Managing security permissions for large teams in Opsview
Hindsight is a wonderful thing.In hindsight, Opsview would have always had access controls for objects at the role level - since roles also define which parts of the Opsview application you can get to, it would make sense to...
Opsview Development Team
Hindsight is a wonderful thing.
In hindsight, Opsview would have always had access controls for objects at the role level - since roles also define which parts of the Opsview application you can get to, it would make sense to also put all the host and service objects into this definition.
(In our defence, we wanted to make it as obvious as possible for a contact when you were changing access information.)
The downside of our design decision many years ago is that Opsview administrators who have lots of their users - or contacts in Opsview terms - with the same sort of access and were having to change each user individually. This was painful and error prone if you had 40 “similar” users.
So Opsview Enterprise 3.12.0 now has access information in the role definition. You change access at the role level and it automatically affects all users of that role. Even better, we ensure that a user’s notification profile only has references to the objects they are allowed - change the role definitions and object references will be automatically removed from all aspects of that contact.
Now you can administer users in a much simpler way.
But the next best thing to hindsight - migratability.
The Opsview configuration database is normalised and models the data as it is. Some application designers like to use key-value pairs to describe their data, which is nice from an expandable point of view, but rubbish when it comes to actually accessing that data in a meaningful way. When it comes to modelling our data, we model it - we don’t “meta-model” it.
We care a lot about people’s data because we build up a trust with our users that they can upgrade and bring their platform right up to date with the latest versions of Opsview. So we spend a lot of time getting the upgrade scripts just right.

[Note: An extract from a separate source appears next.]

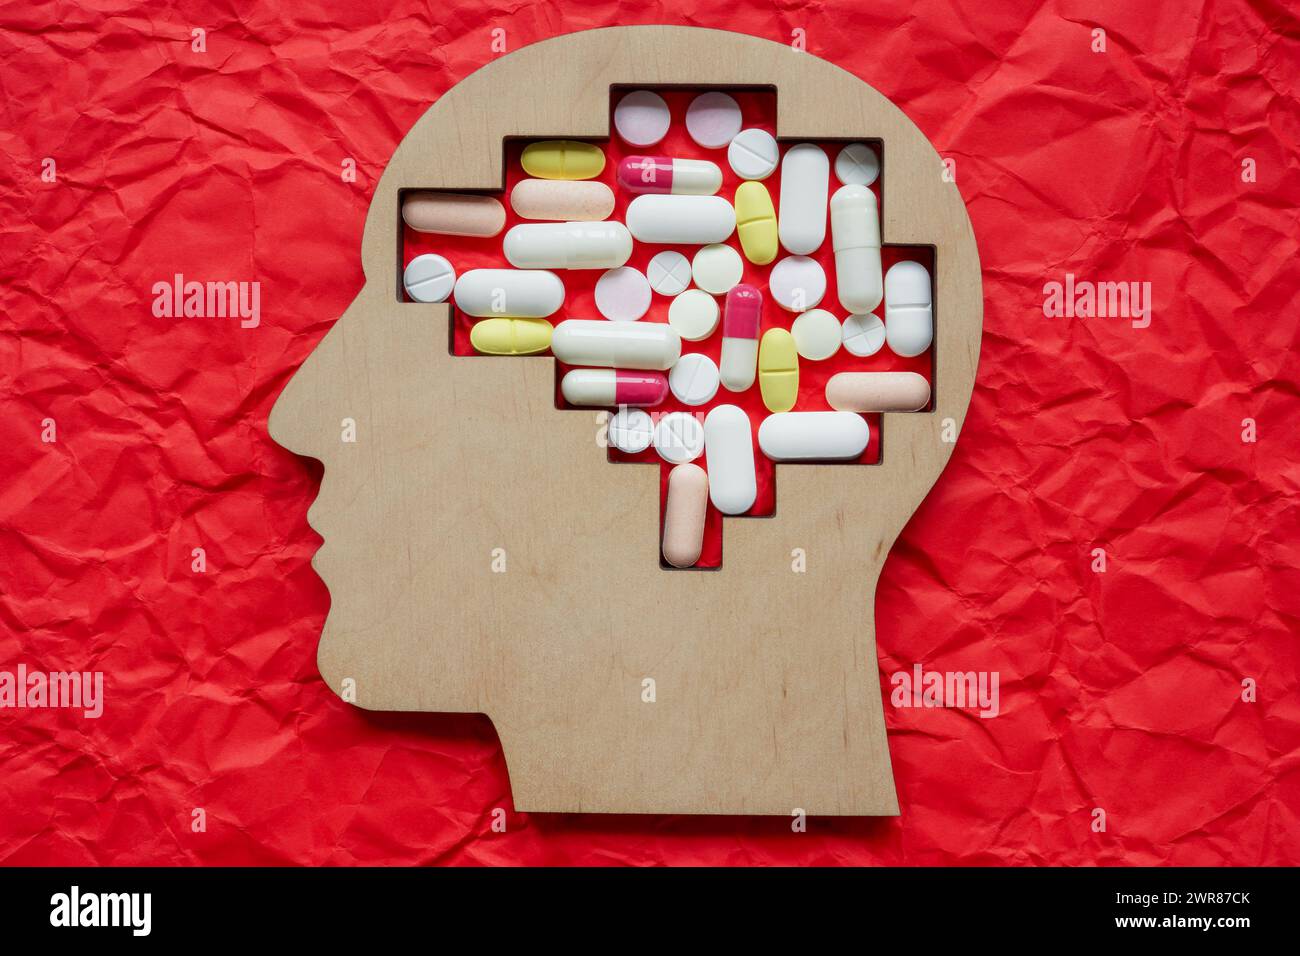 Kopf und Pillen. Behandlung psychischer Erkrankungen, Depressionen und Drogensucht. Stockfoto

If you are upgrading to Opsview 3.12, here’s what the upgrade scripts do:
for each contact, it will see if this contact’s role has access information applied
if it hasn’t, it will use this contact’s access information to populate the role
if the role already has access information (from another contact), then it will compare all the current roles with their access information and if there is a match, this role is used
if it isn’t exactly the same, then a new role is created called “old role name - contact”
So for example, let’s say you have 4 contacts - John, Paul, George and Ringo - all using the “Liverpool administrators” role.
The first three have their access information the same, but Ringo has missed out theProduction - Slicehost Servers host group he should have had access to.
After the upgrade, the first three would still have the role of Liverpool administrators, but Ringo would have the role of a newly created Liverpool administrators - ringo. You could easily tell from this that Ringo should belong to the Liverpool administrators, so you can set him to this. Otherwise, maybe he is different after all, so you can rename the role toLiverpool drummers.
This means that most of the configuration for this new functionality is done for you automatically and you can think of your users in their role groups, rather than individually. Another step to making Opsview easier to use.